ARTICLE | doi:10.20944/preprints202012.0697.v1
Subject: Life Sciences, Biochemistry Keywords: Repeat-Induced Point Mutations; RIP; Accessory Chromosome; Genome Compartmentalization; GC Content; Genetic Variation; Fusarium circinatum; Transposable Elements; Interstitial Telomeric Repeats; Effector Genes.
Online: 28 December 2020 (12:18:11 CET)
Repeat-Induced Point mutations (RIP) serves as a genome defence mechanism that impedes the deleterious consequences of repeated motifs such as transposable elements in fungi. Genomic regions with RIP are biased for adenosine and thymine transitions and the cumulative influence of RIP is thought to have a considerable impact on genome composition. We investigated the impact of RIP on localized genomic regions and whole-genome sequences for representatives of the pine pathogen, Fusarium circinatum.
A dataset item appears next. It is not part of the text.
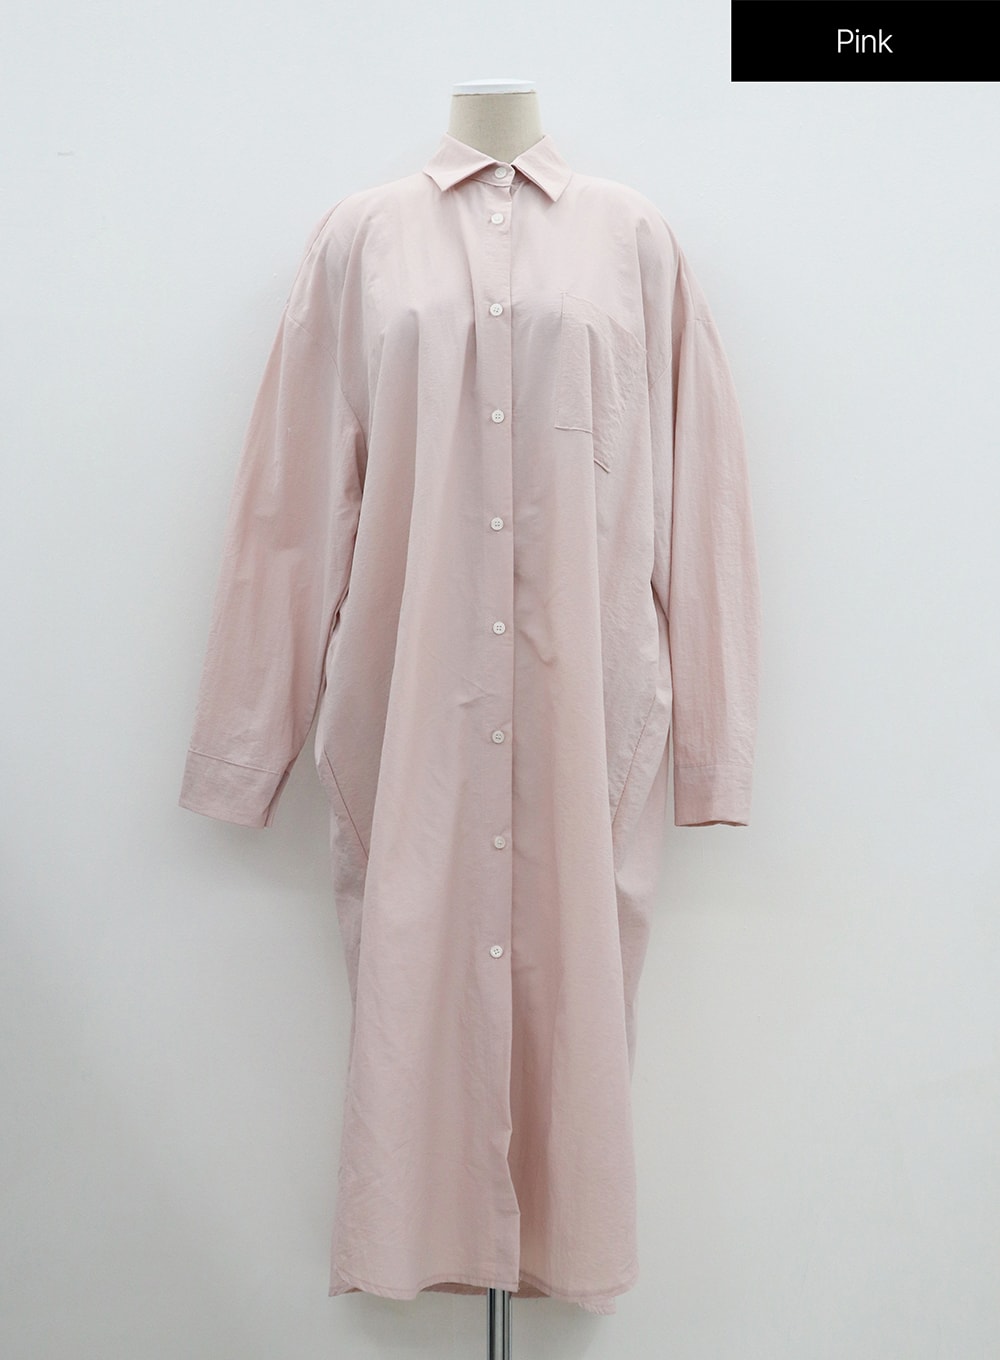 TODAYFUL stitch over shirt pink シャツ ピンク - トップス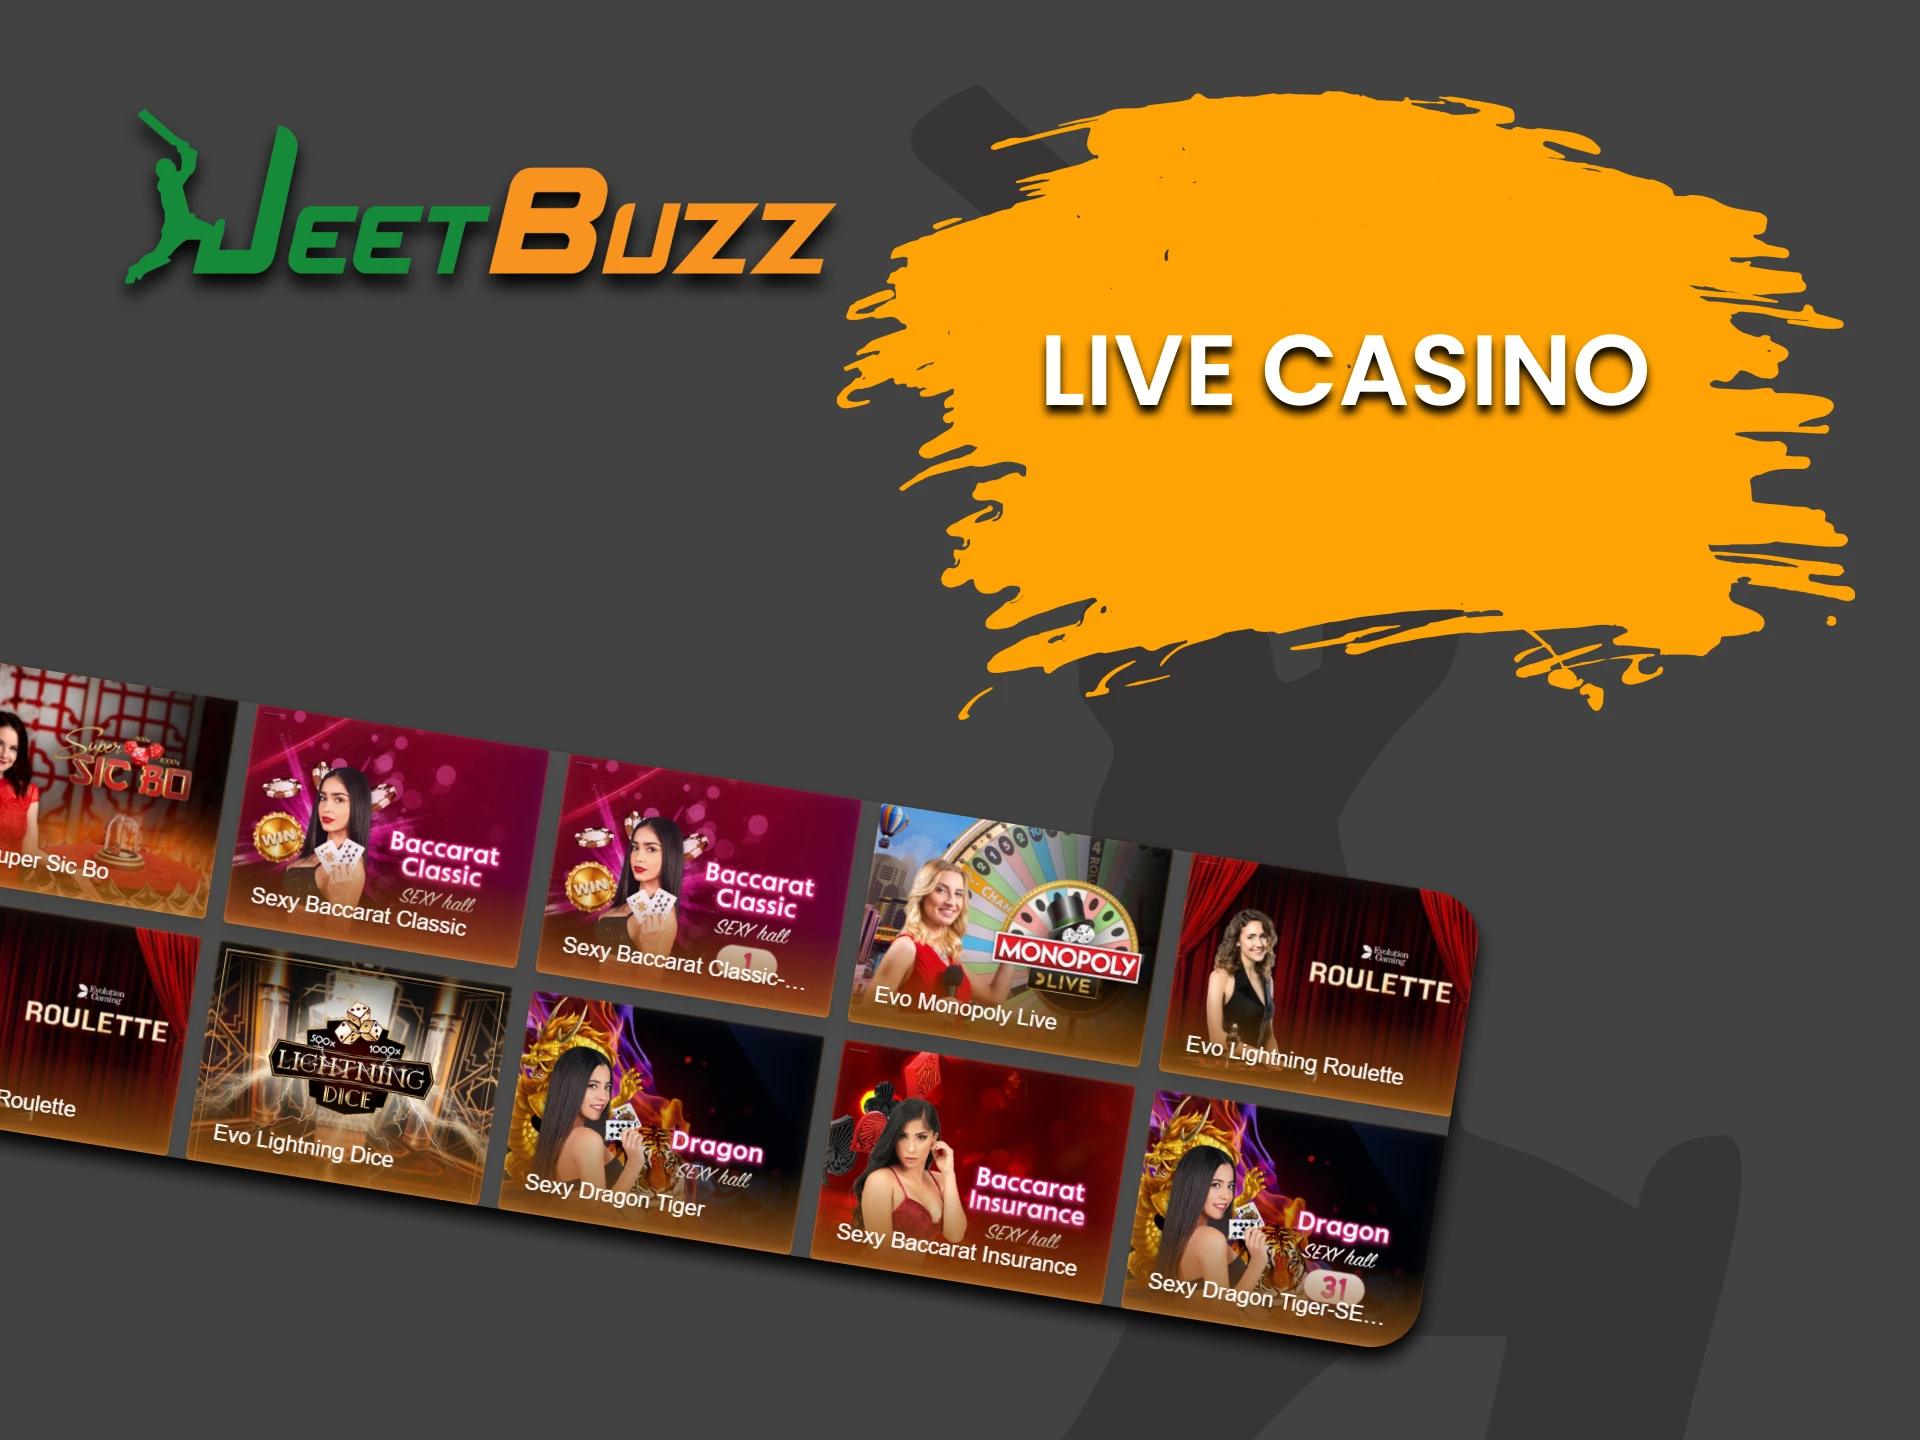 Go to the Live Casino section for casino games on JeetBuzz.

We set out to determine the intraspecific variation in acquired RIP and the role of RIP in the development of diverse F. circinatum sub-genomic compartments. The results of the study show that the AT-enriched sub-genomic compartment accounts for ca. 97% of the calculated RIP and was further prominent in both core and accessory genomic regions. However, more extensive RIP was observed in the accessory sub-compartment and more variable regions of the genome. Regions with RIP indicated increased intrinsic curvature of the DNA which may influence DNA-protein interactions and may promote constitutive heterochromatin formation. The results show that RIP is an important source of functional novelty and genome variation. RIP contributes to the evolution of the genetic landscape and differentiation of diverse sub-genomic compartments of this important fungal pathogen.